Note: This does not unload the associated assets. In order to unload the Assets and free both managed and native memory, call Resources.UnloadUnusedAssets() after the scene has been unloaded.
Unity dynamically sets voices as either virtual or real, depending on the real time audibility of the platform. For example, Unity sets sounds that are playing far off or with a low volume as virtual, but will change these sounds to a real voice if they come closer or become louder. The default values in the Audio Settings are great values for mobile devices.
Max Virtual Voice Count
Max Real Voice Count
Default
512
32
Maximum
4095
255
DSP Buffer Size
Unity uses the DSP buffer sizes to control the mixer latency. The underlying Audio System FMOD defines the platform dependent DSP buffer sizes. The buffer size influences the latency and should be treated carefully. Latency equals the samples multiplied by the number of buffers. The number of buffers defaults to 4. The audio system in Unity uses the following sample counts for the Audio Settings in Unity:
Default:
iOS and Desktop: 1024
Android: 512
Best latency: 256
Good latency: 512
Best performance: 1024
Audio Import Settings
Using the correct settings can save runtime memory and CPU performance.
Enable Force to mono option on audio files if they do not require stereo sound. Doing so will reduce runtime memory and disk space. This is mostly used on mobile platforms with a mono speaker.
Larger AudioClips should be set to Streaming. Streaming in Unity 5.0 and later has a 200KB overhead so you should set audio files smaller than 200KB to Compressed into Memory instead.
For longer clips, import AudioClips as Compressed into Memory to save runtime memory (if the clips are not set to Streaming).
Use Decompress On Load only if you have plenty of memory but are constrained by CPU performance, as this option requires a significant amount of memory.
Various platforms also have preferred Compression Format settings to save runtime memory and disk space. To adjust these settings, follow these instructions:
1. Set Compression Format to ADPCM for very short clips such as sound effects which are played often. ADPCM offers a fixed 3.5:1 compression ratio and is inexpensive to decompress.
2. Use Vorbis on Android for longer clips. Unity does not use hardware accelerated decoding.
3. Use MP3 or Vorbis on iOS for longer clips. Unity does not use hardware accelerated decoding.
4. MP3 or Vorbis need more resources for decompression but offer significantly smaller file size. High-quality MP3s require fewer resources for decompression, while middle- and low-quality files of either format require almost the same CPU time for decompression.

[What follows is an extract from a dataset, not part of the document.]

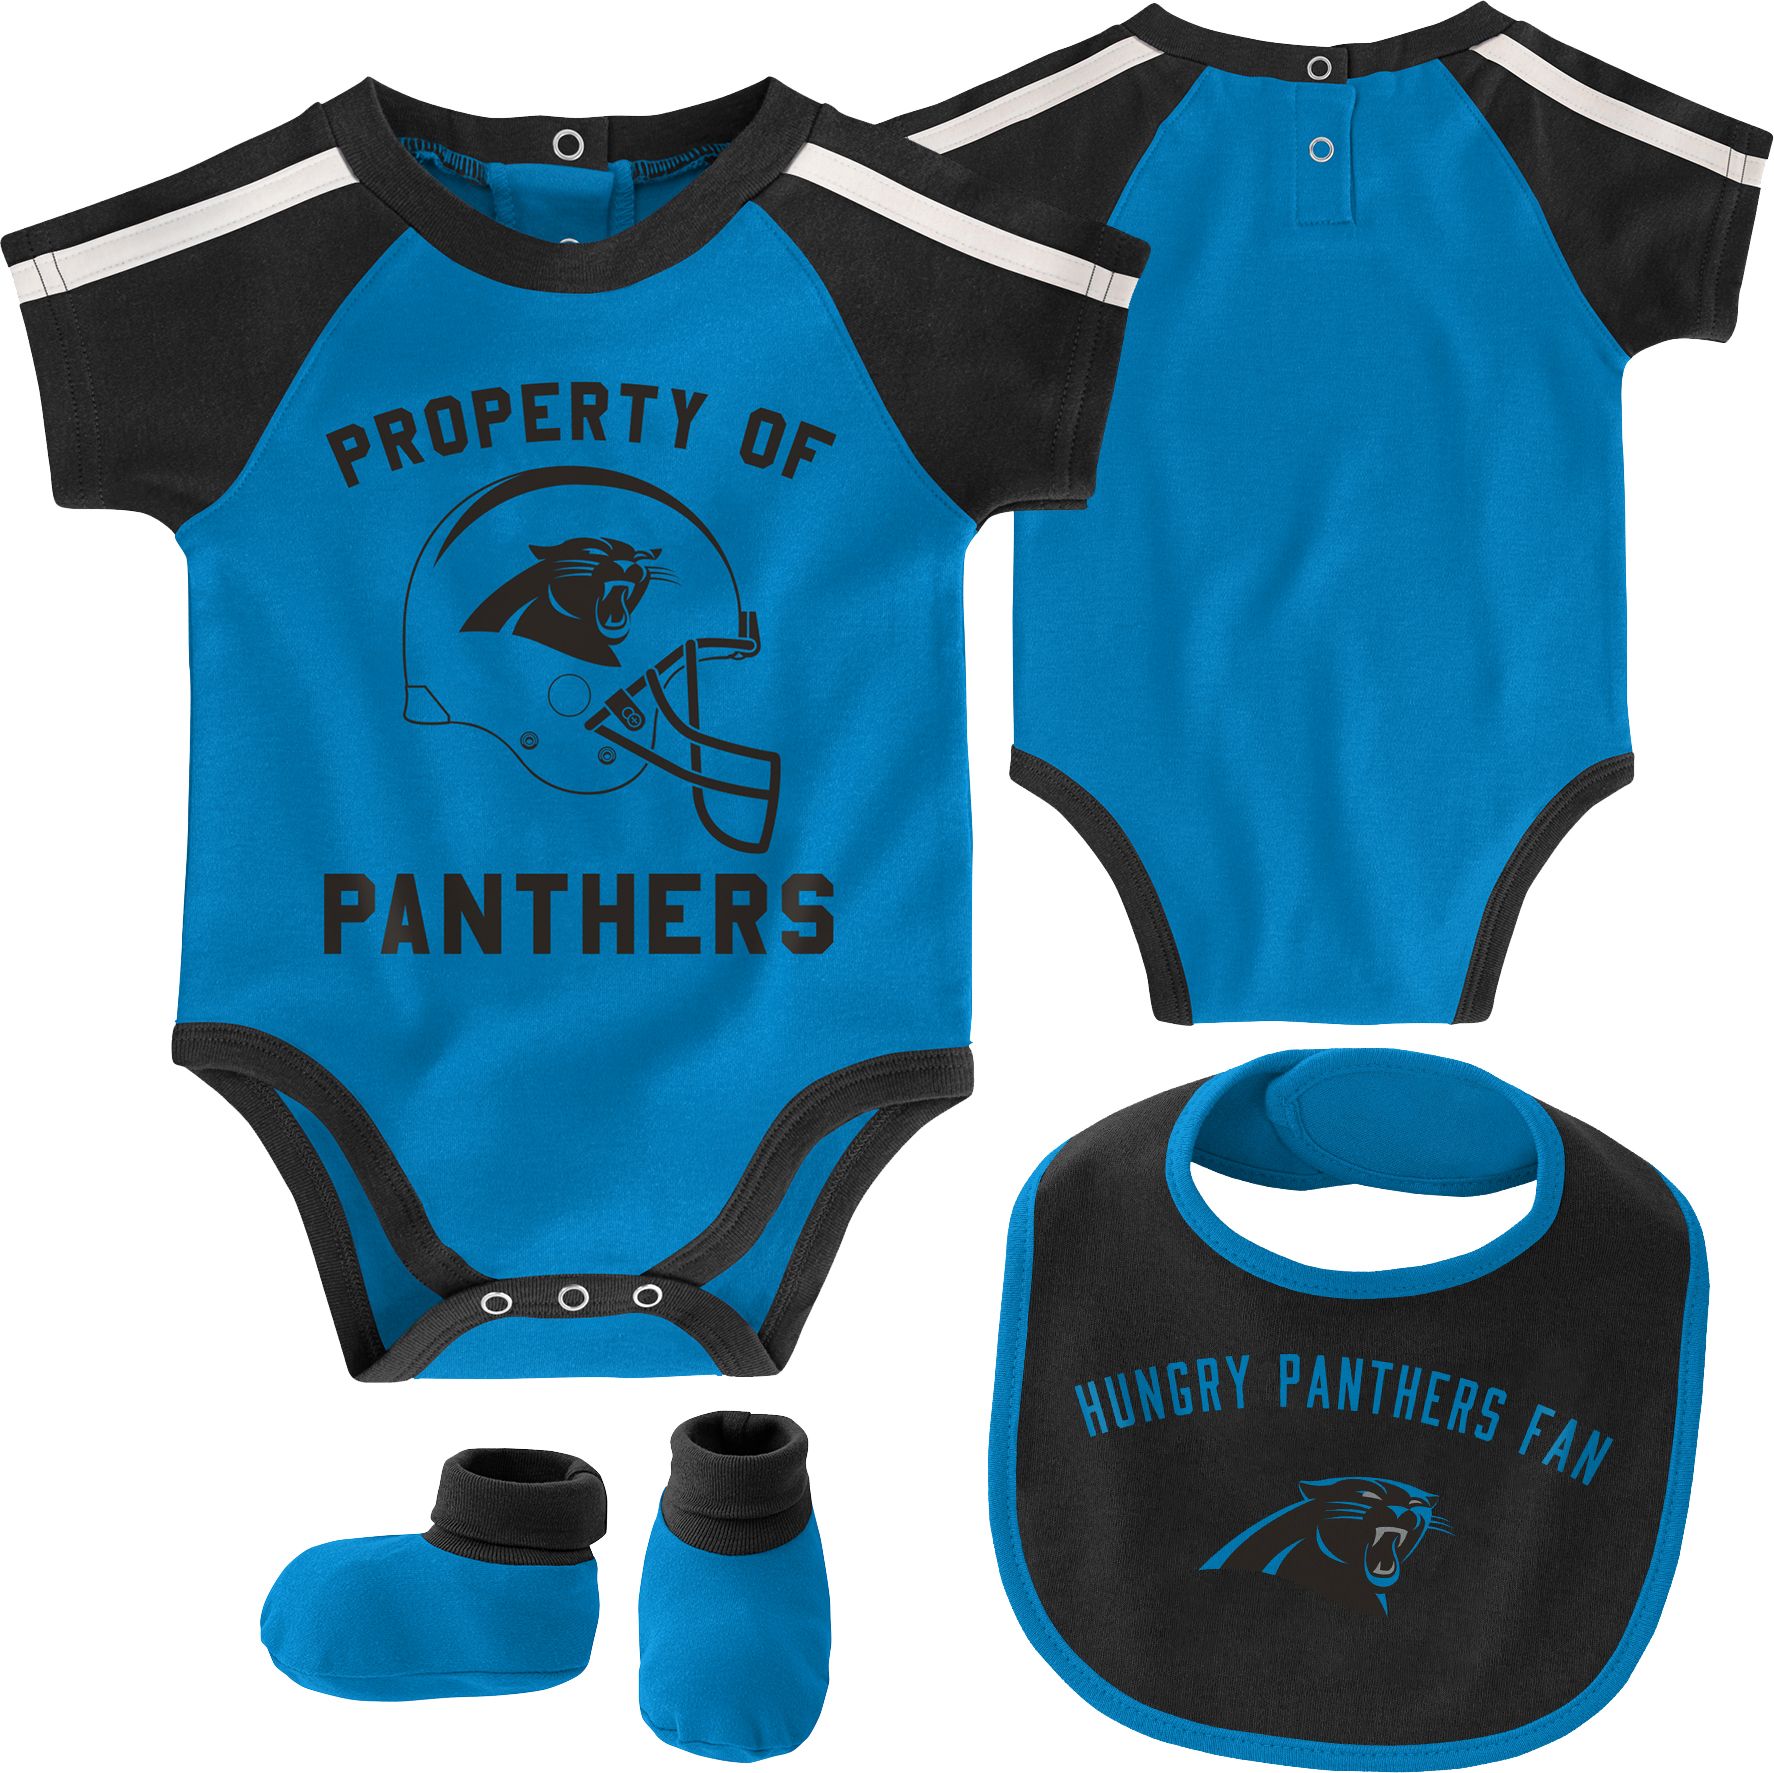 infant carolina panthers jersey

Tip: Use Vorbis for longer looping sounds since it handles looping better. MP3 contains data blocks of predetermined sizes, so if the loop is not an exact multiple of the block size then the MP3 encoding will add silence while Vorbis does not.
Memory on Android is shared across multiple processes. How much memory a process uses is not clear at first glance. Android memory management is complex. To learn more, refer to this talk on Understanding Android memory usage from Google I/O before reading on.
Paging on Android
Paging is a method of moving memory from main memory to secondary memory or vice versa.

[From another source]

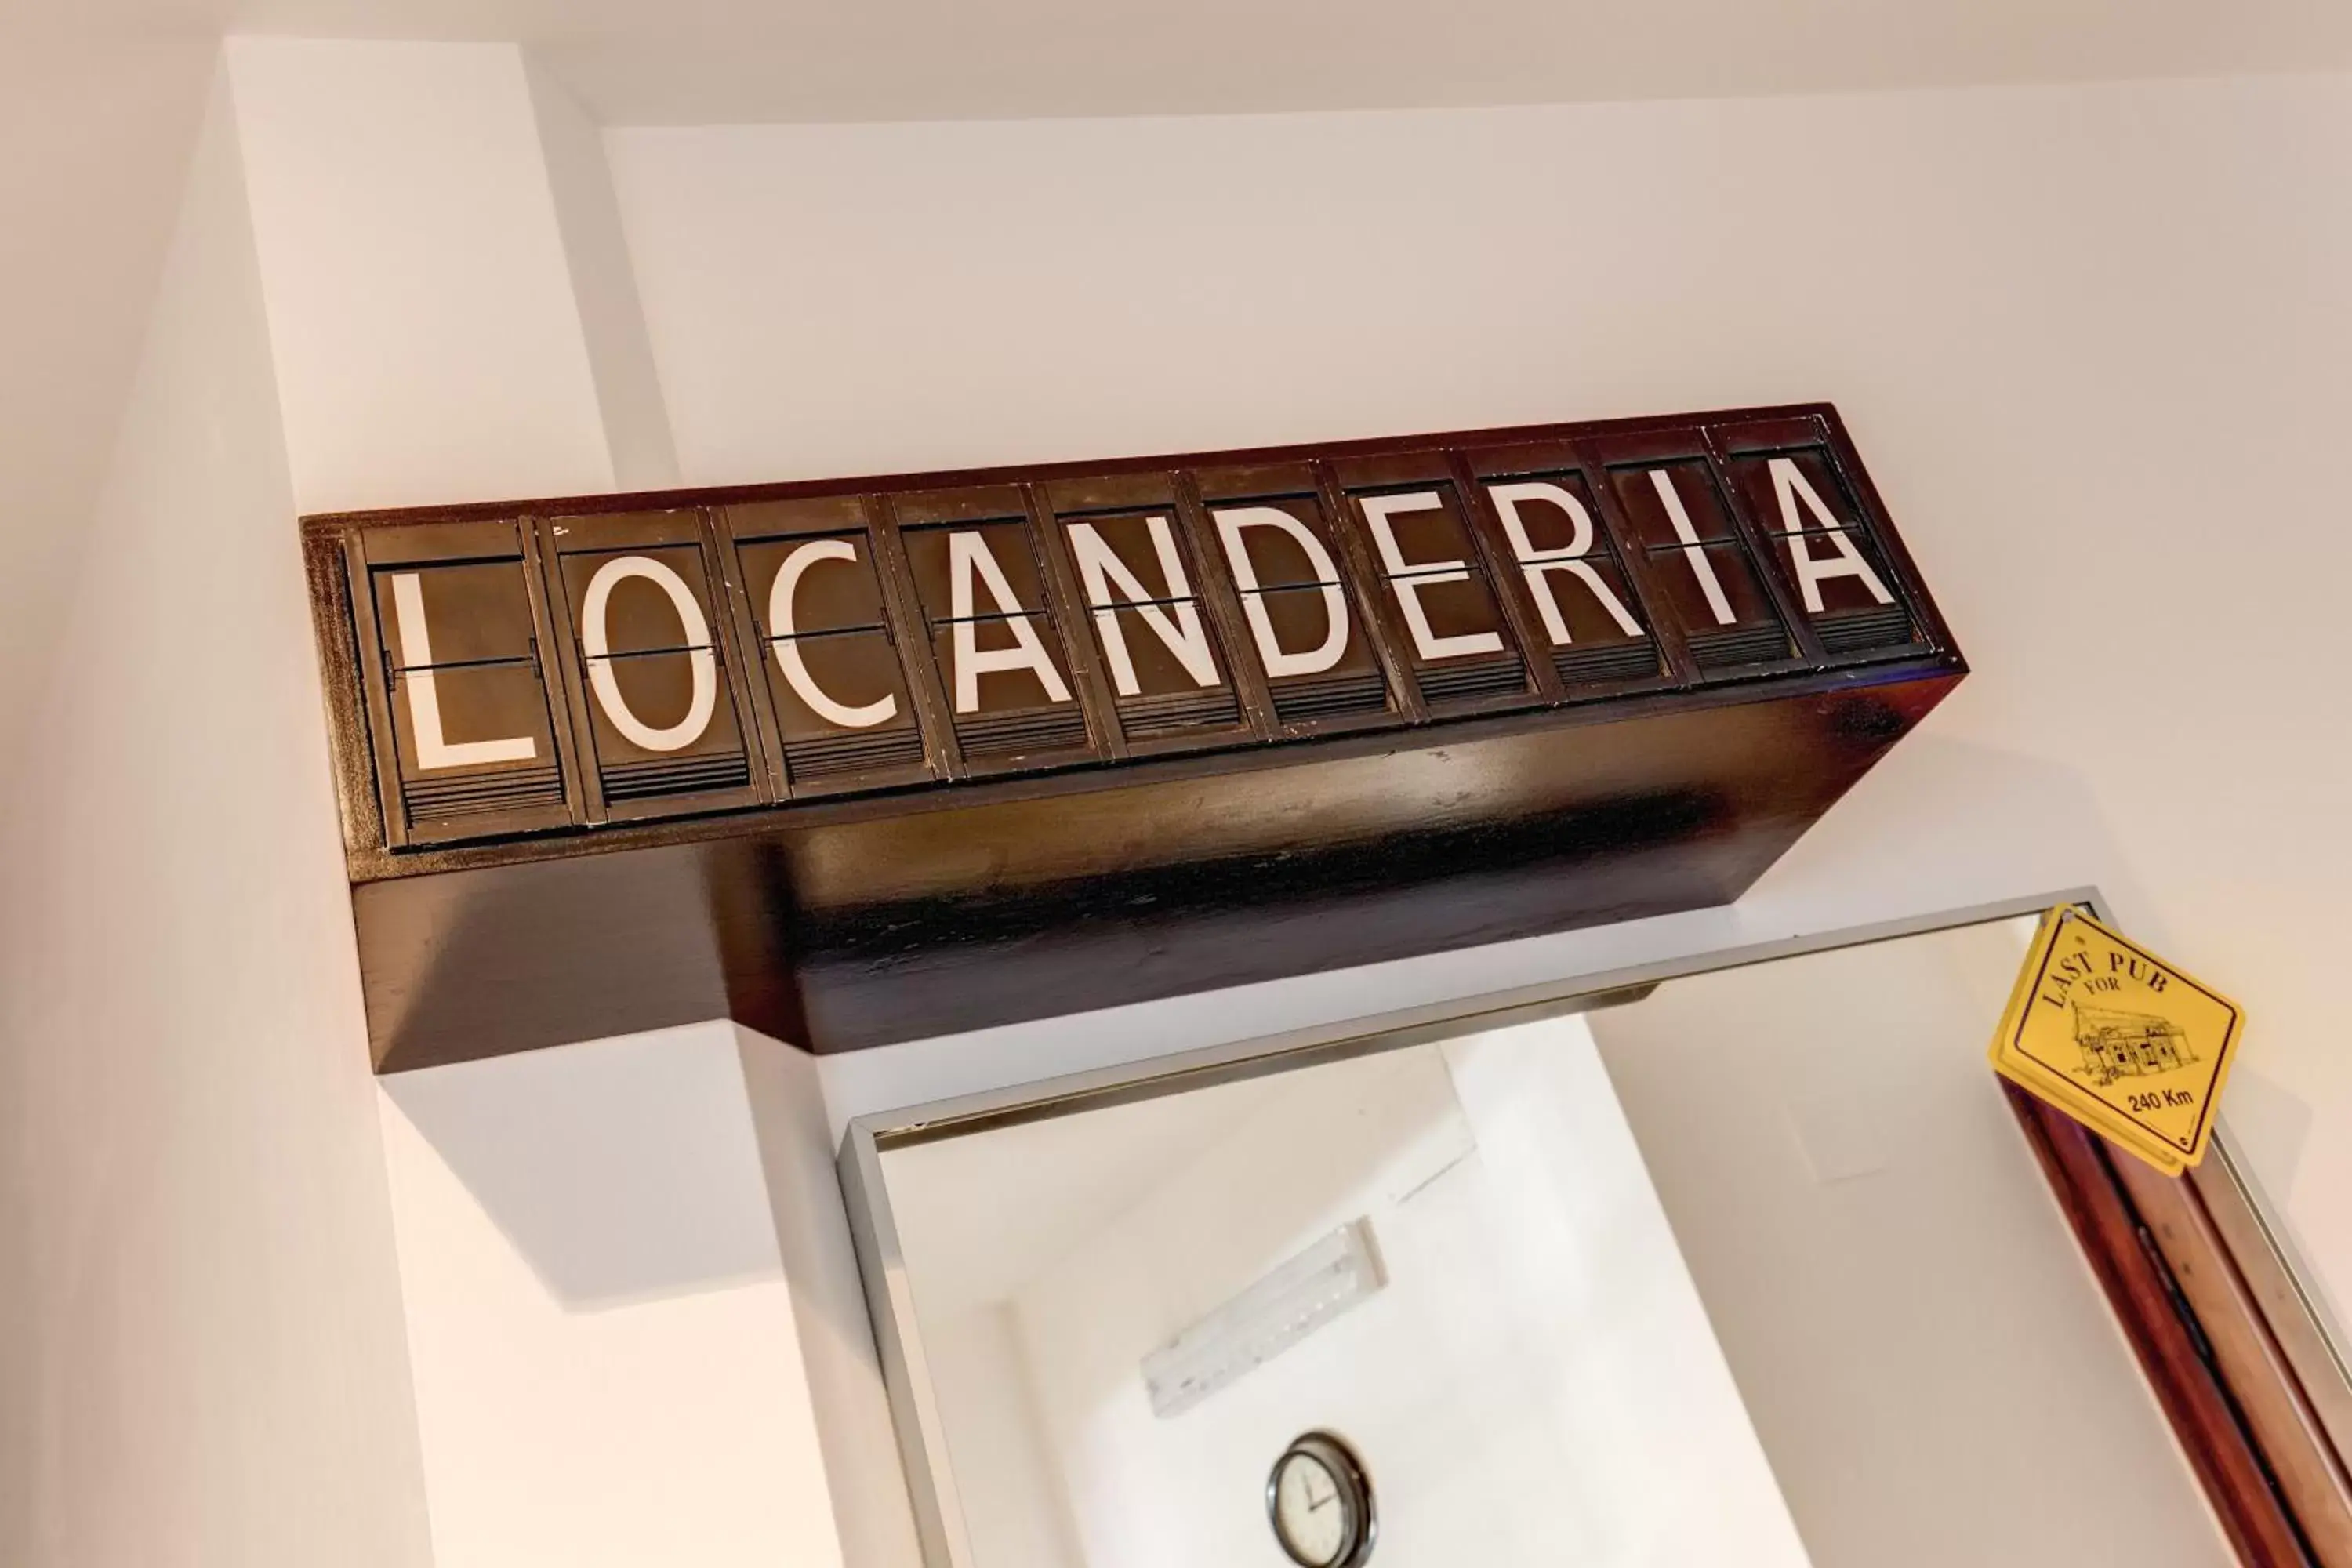 Property logo or sign in Locanderia Roma

Android pages out to disk but does not use swap space for paging the memory. This makes it even more difficult to see the total memory, especially as every application in Android runs in a different process which runs its own instance of a Dalvik VM.
Paging vs. swap space
Android uses paging but does not utilize swap space. Paging relies heavily on the ability to memory map (mmap()) files and store the kernel page in data as needed. Although this doesn’t happen often, paging needs to drop kernel pages when memory is low and the system drops cache page files. Android does not swap spaces for paging out dirty pages, as doing so on mobile devices both lowers battery life and causes excess wear-and-tear on memory.
Onboard flash
Android devices frequently come with very little onboard flash and limited space to store data. Onboard flash is mainly used to store apps but could actually store a swap file. Onboard flash is slow and has generally worse access rates than those of hard disks or flash drives.

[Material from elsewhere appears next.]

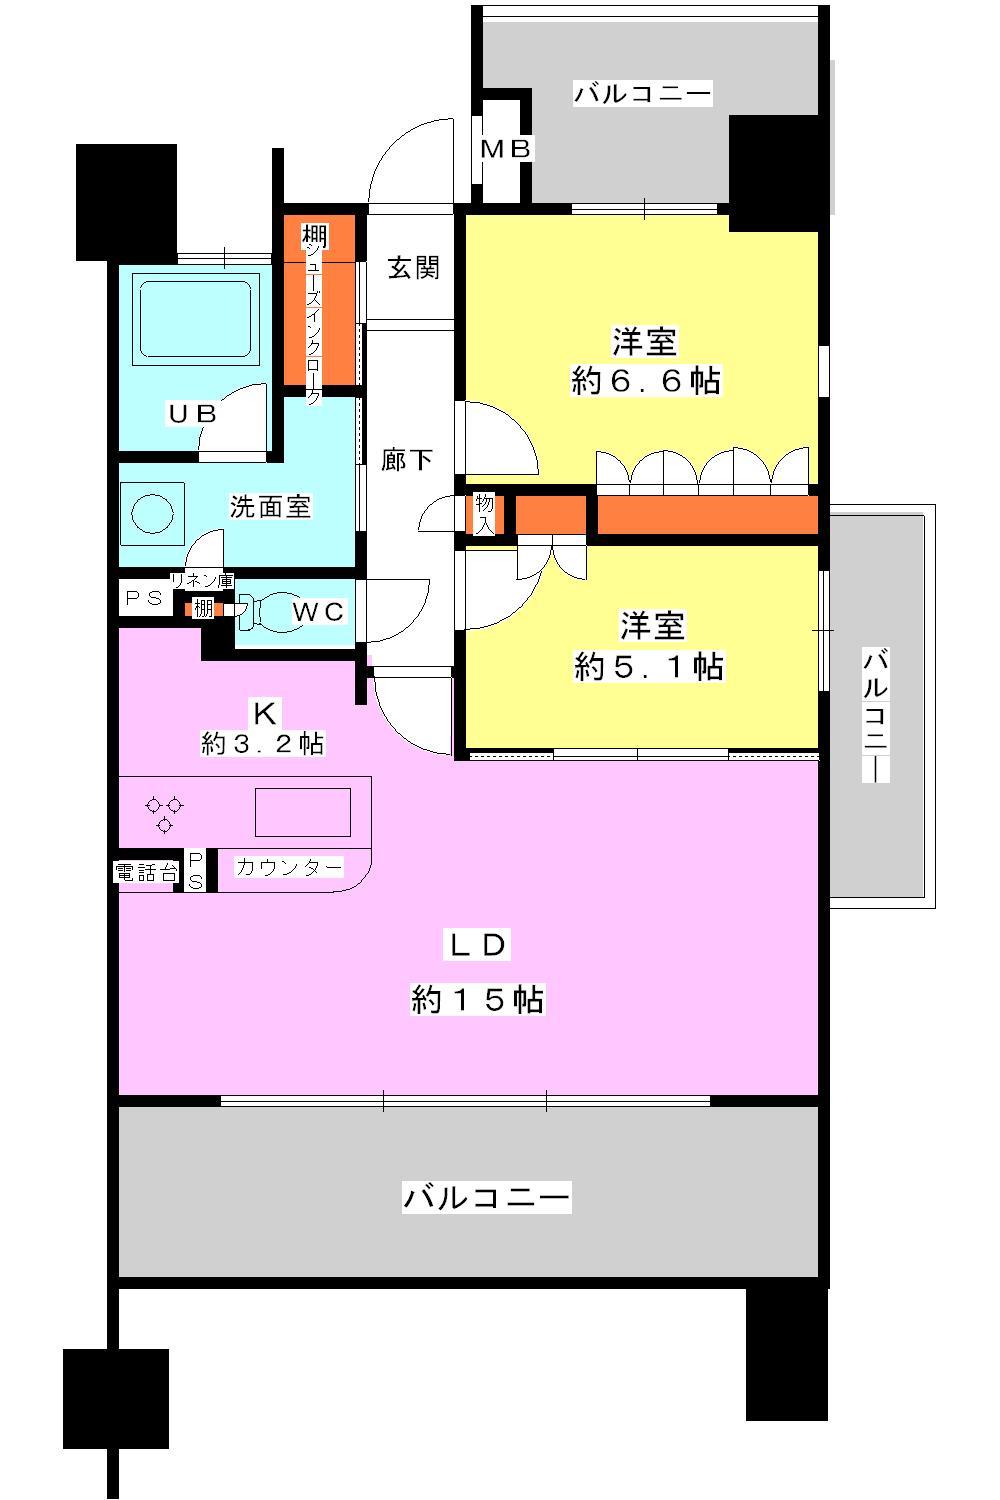 Floor plan. 2LDK, Price 19,800,000 yen, Footprint 63 sq m , Balcony area 23.74 sq m

Onboard flash's size is not enough to enable swapping spaces effectively. A basic rule of thumb for swap file size is about 512MB per 1-2GB RAM. You can always enable swap support by modifying the kernel .config file (CONFIG_SWAP) and compiling the kernel yourself, but doing so falls outside the scope of this guide.
Memory Consumption Limitations
Just how much memory can your app use before the Android system activates and starts shutting down processes? Unfortunately, there is no simple answer, and figuring it out involves a lot of profiling with tools such as dumpsys, procrank, and Android Studio.
Many different factors can influence your ability to measure memory consumption on Android, such as the following:
Different platform configuration for low-, mid-, and high-end devices
Different OS versions on the test device(s)
Different points in your application when you measure memory
Overall device memory pressure
It is important to always measure your memory at the same location in your code with the same platform configuration, OS version, and device memory pressure.
Low and high memory pressure
A good way to profile memory is to ensure that the device has plenty of free memory available (low memory pressure) while you profile the memory consumption of your application. If the device has no free memory available (high memory pressure) it can be difficult to get stable results. It’s important to keep in mind that although you use profiling to try to find the source of high memory pressure, there are still hard physical limitations. If the system is already thrashing memory caches, it will produce unstable results during memory profiling your app.
Dumpsys
If you were to sum up all physical RAM mapped to each process, then add up all of the processes, the resulting figure would be greater than the actual total RAM. With dumpsys, you can get clearer information about each Java process. The stats dumpsys provides contain a variety of information related to the apps’ memory. dumpsys is an Android tool that runs on the device and dumps information about the status of system services and applications. dumpsys enables you to easily access system information.
Get system information in a simple string representation.
Use dumped CPU, RAM, battery, and storage to check how an application affects the overall device.
The following command lists all services offered by dumpsys:
~$ adb shell dumpsys | grep "dumpsys services"
You can use dumpsys meminfo to dump system memory on Android.
dumpsys meminfo
adb provides a host of tools to gain information about the memory of a running application on Android. The most common and quickest way to get an overview is the adb shell dumpsys meminfo command. It reports detailed information about the memory usage of each Java process, native heap, binary data as well as a variety of process and system information. The following command will provide a quick overview of system memory:
~$ adb shell dumpsys meminfo
It’s possible to track a single process via name, bundle ID or pid to determine the details of the Unity androidtest app as the following command shows. The androidtest app is an empty Unity Project with only one main Scene, no Skybox, and no content, to get a baseline for memory measurements.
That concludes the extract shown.